(Data segment Opens)
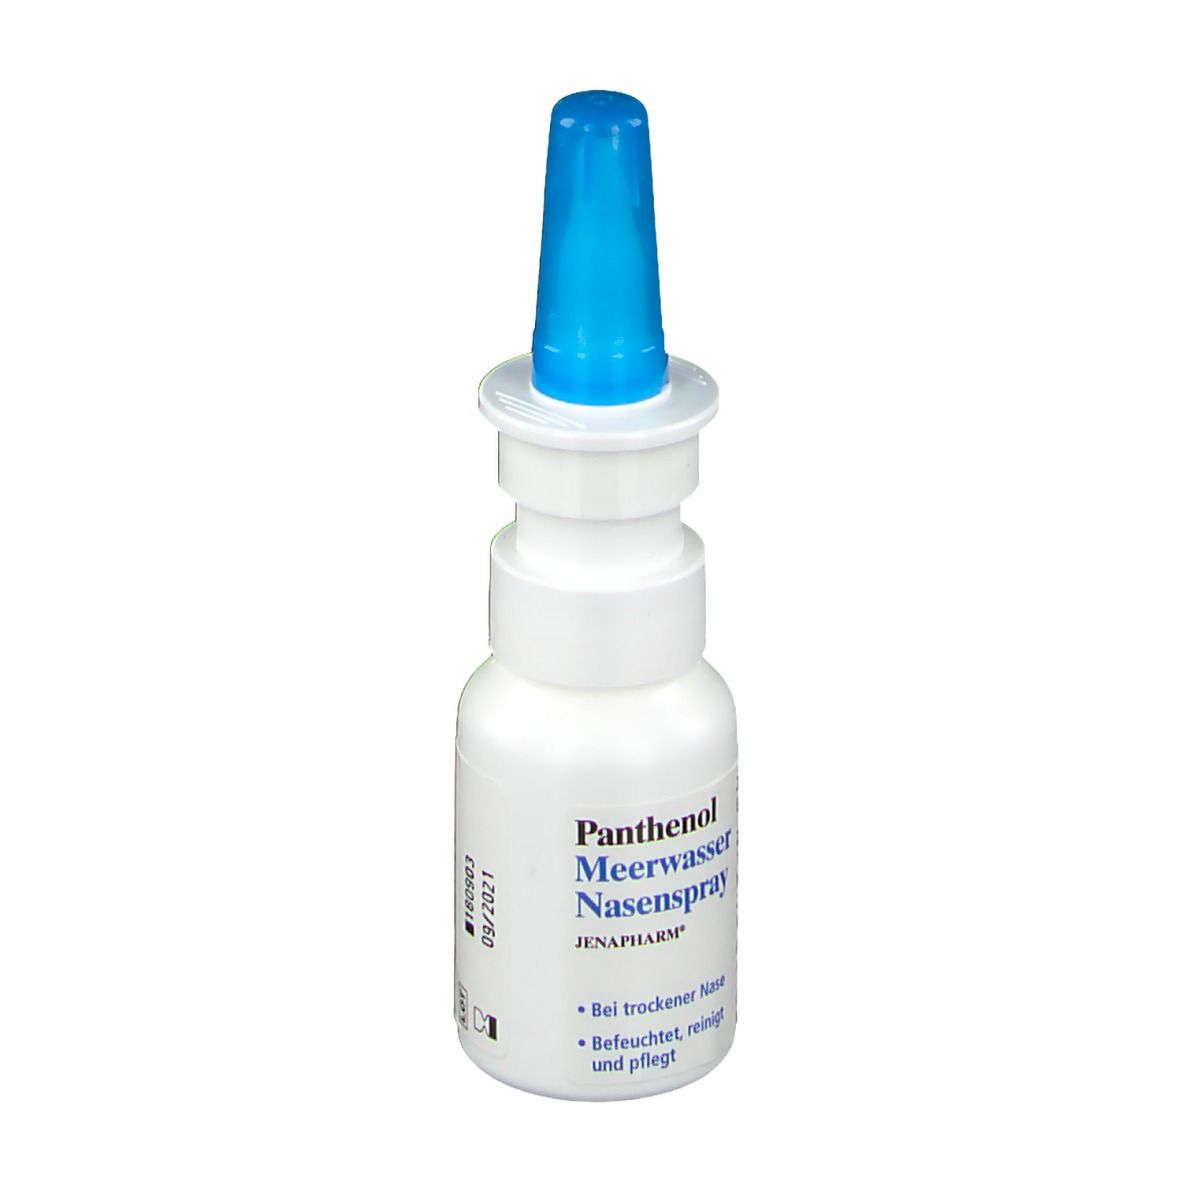 Panthenol Meerwasser-Nasenspray JENAPHARM®
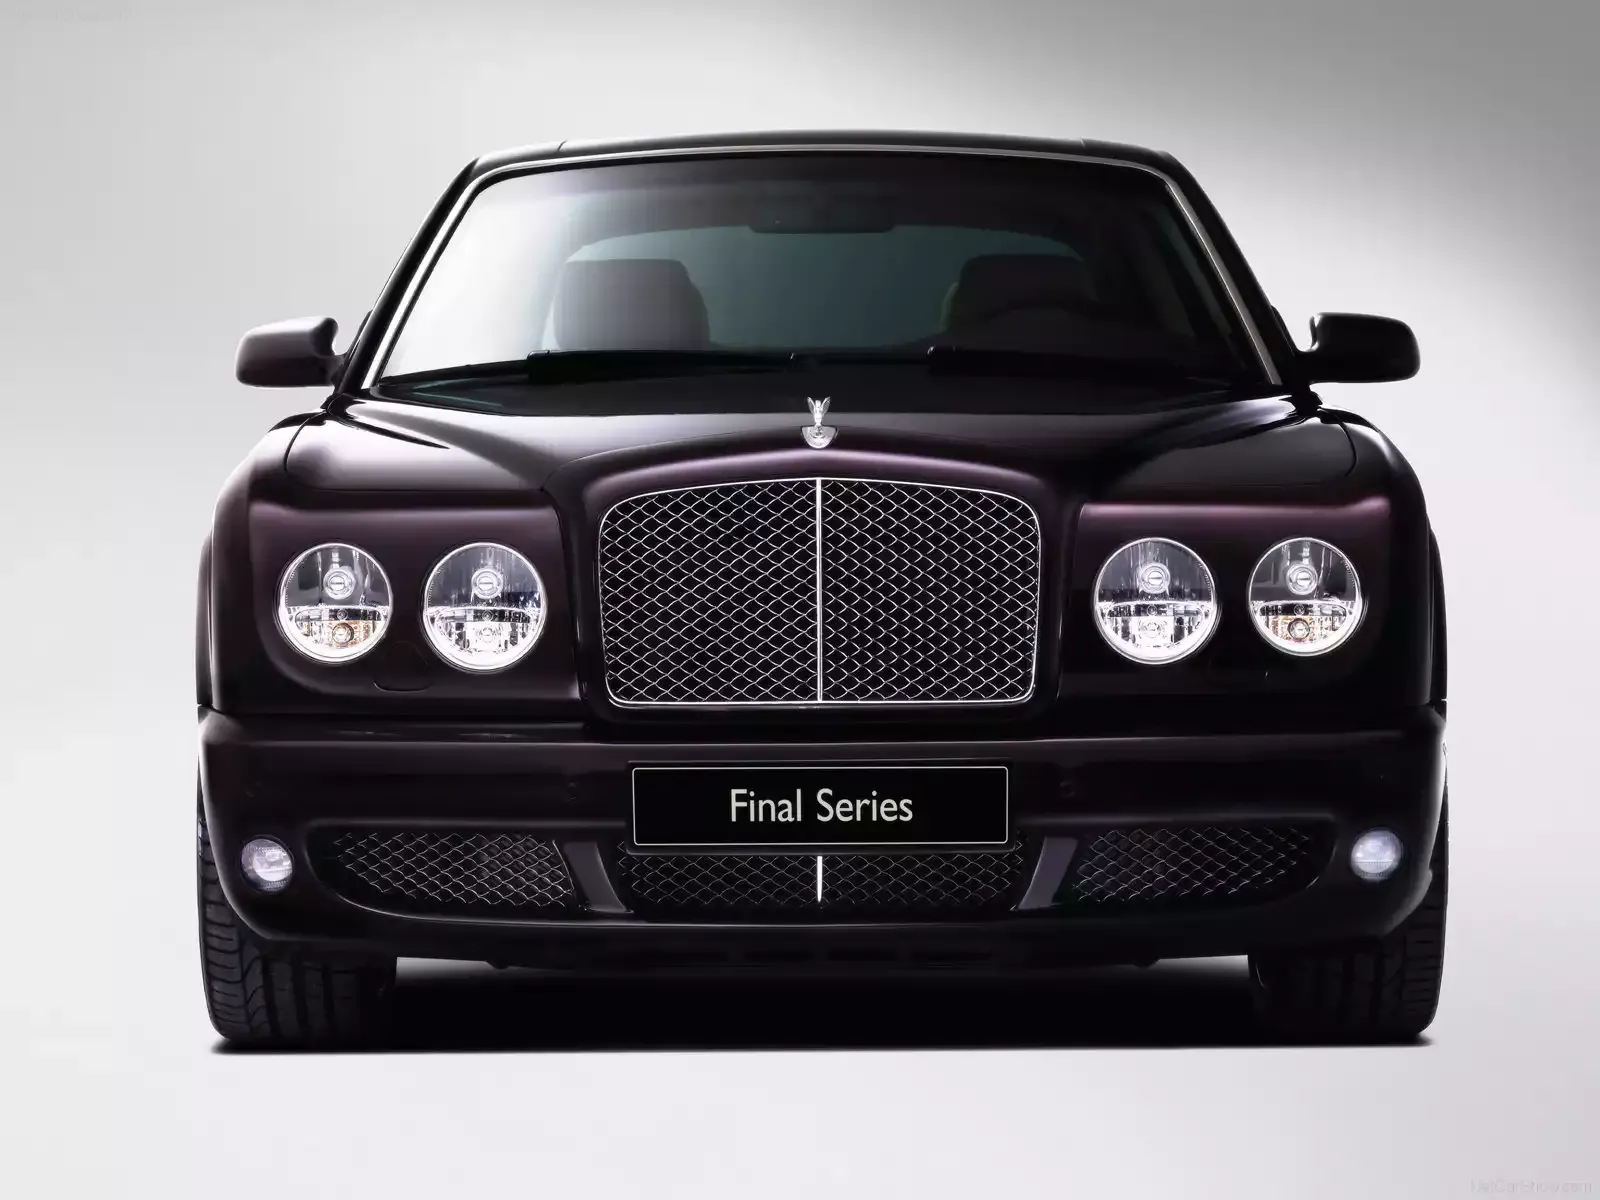 Hình ảnh xe ô tô Bentley Arnage Final Series 2009 & nội ngoại thất
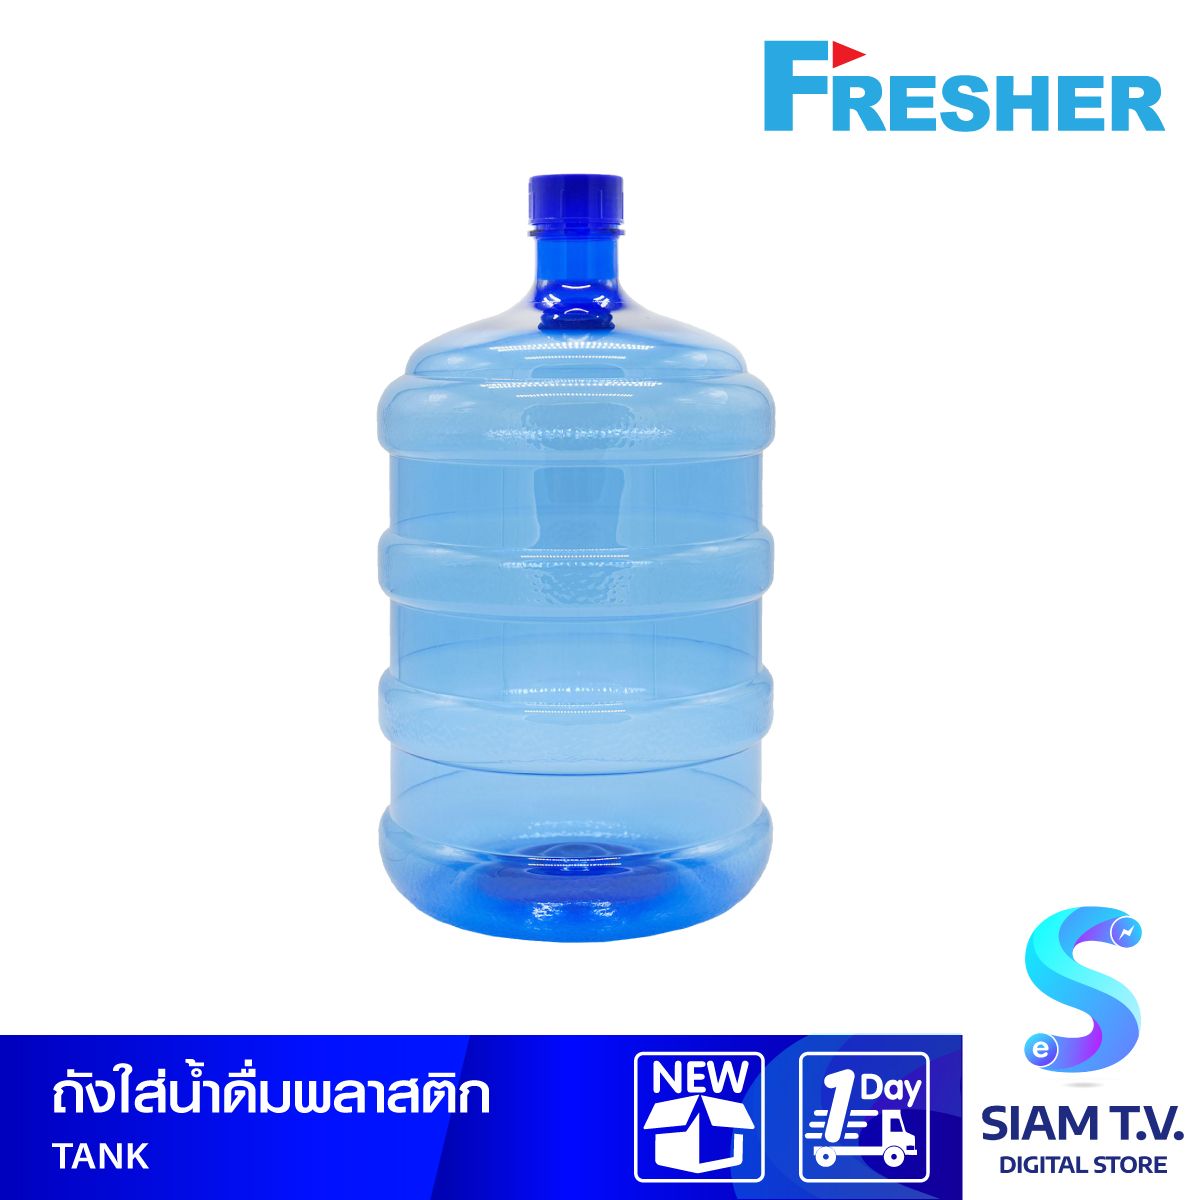 ถังน้ำดื่มทรงกลม FRESHER  รุ่น TANK ขนาด 18.9 ลิตร สีใส
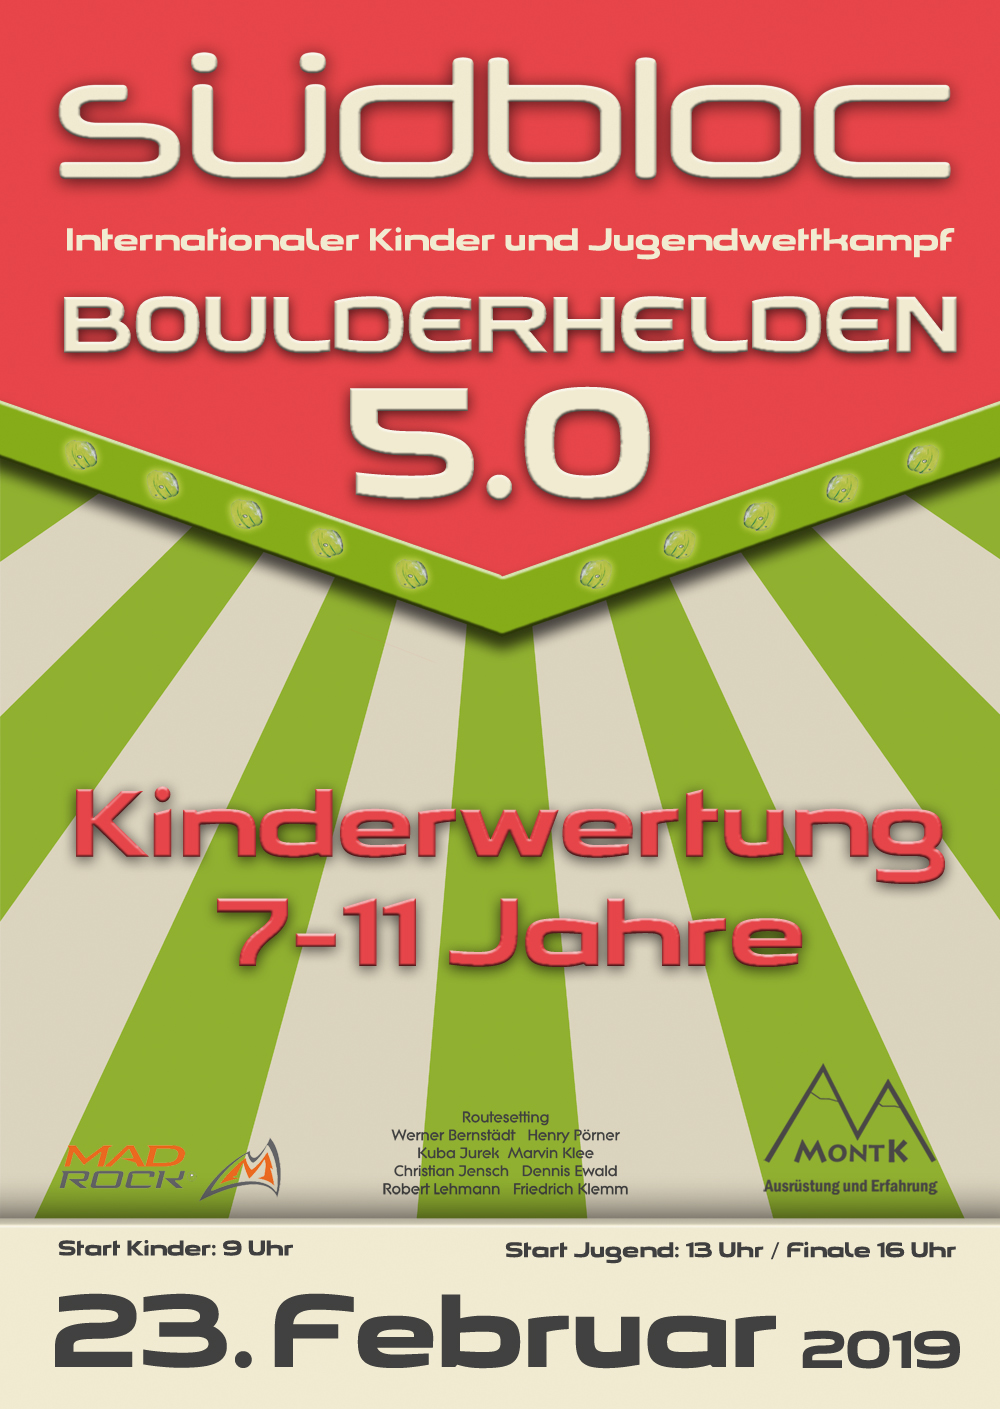 Poster für Südbloc Boulderhelden 5.0 - Kinderwertung
(Data segment Closes)
- Work item: Once more, give the listing above exactly, leaving each picture out.

- Final answer:
 Panthenol Meerwasser-Nasenspray JENAPHARM®
 Hình ảnh xe ô tô Bentley Arnage Final Series 2009 & nội ngoại thất
 ถังน้ำดื่มทรงกลม FRESHER  รุ่น TANK ขนาด 18.9 ลิตร สีใส
 Poster für Südbloc Boulderhelden 5.0 - Kinderwertung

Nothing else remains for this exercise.